Next we tried designing booklets. Again the subject was the Indians, their life and habits. The materials needed were a piece of cover paper, pieces of plain drawing paper (about 11" x 8" doubled), pencils, rulers, and afterwards, paints. The text was to be lettered rather than written in script. The cover had to be designed with title and ornament, the title page inside with pupil’s name, a decorative initial letter, the first and succeeding pages with appropriate margins, borders, and other decorations, and illustrations if desired. What splendid problems the pupils found in the booklet how to fit spaces, how to balance effects, where to put ornament, how to harmonize colors. The booklets were completed in about four half-hour lessons. The work was very interesting, and the results were gratifying. The productions were all different, each had its individuality, each was a real creation on the part of the pupil. Two of the covers are shown in Plate III.
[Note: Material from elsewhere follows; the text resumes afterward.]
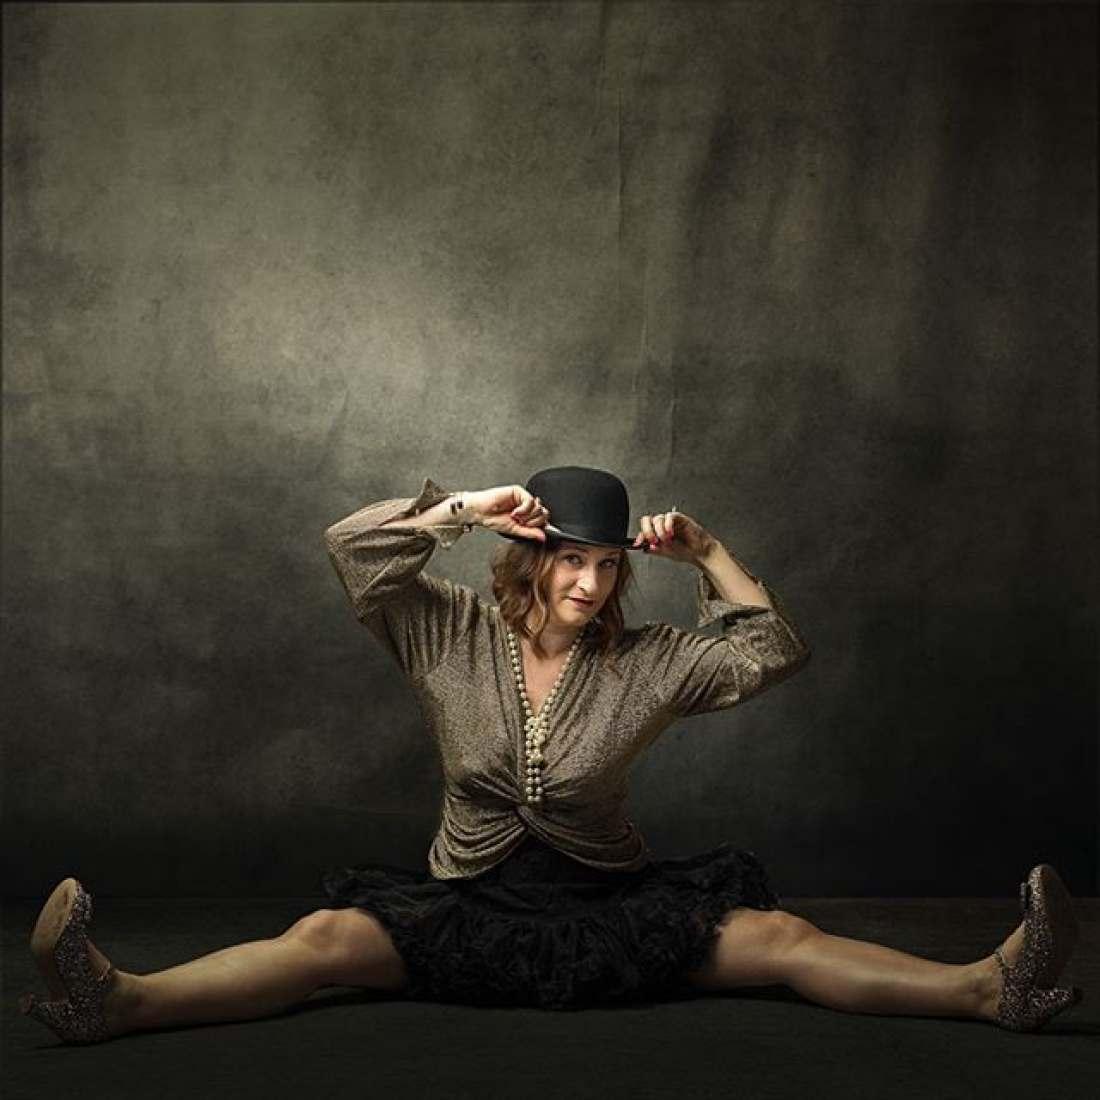 Another shot of Tallulah Goodtimes, amazing DJ @tallulahgoodtimes @cherrypie_makeovers @britvix

The other senior classes of the Model School, and the classes of the teachers-in-training likewise copied and suitably applied the Indian ornament. Then we ceased our Indian art work for the year; but the effects of its study did not cease. Since then Indian forms have been discovered in unsuspected places and used for decoration in a variety of ways. One boy who had some Indian mementos on hand utilized them in designing a den of Indian character, adding here and there some of the designs learned in school. Then, too, our efficient gardener took note of the circular porcupine quill design of the Eastern Woodlands, in colored chalks on the art-room blackboard. He said, “What a beautiful flower-bed that would make, about sixteen feet in diameter; for the blue I could use the lobelia, for the purple the foliage leaf plant, etc.” He has planned to set out the bed for next spring. We feel that we have some appreciable success in beginning what is here a new phase of art work—the use of our American aboriginal art.

And what we have done can be accomplished and excelled by other schools who have collections of Indian art available, or failing that, books on anthropology with a plentiful supply of illustrations, such as many of the volumes published by the Smithsonian Institute of Washington, D. C. The other requirements are, on the part of the teacher—some considerable enthusiasm, and the ability to lead.

Let us not overlook the plant which grows at our own doorstep.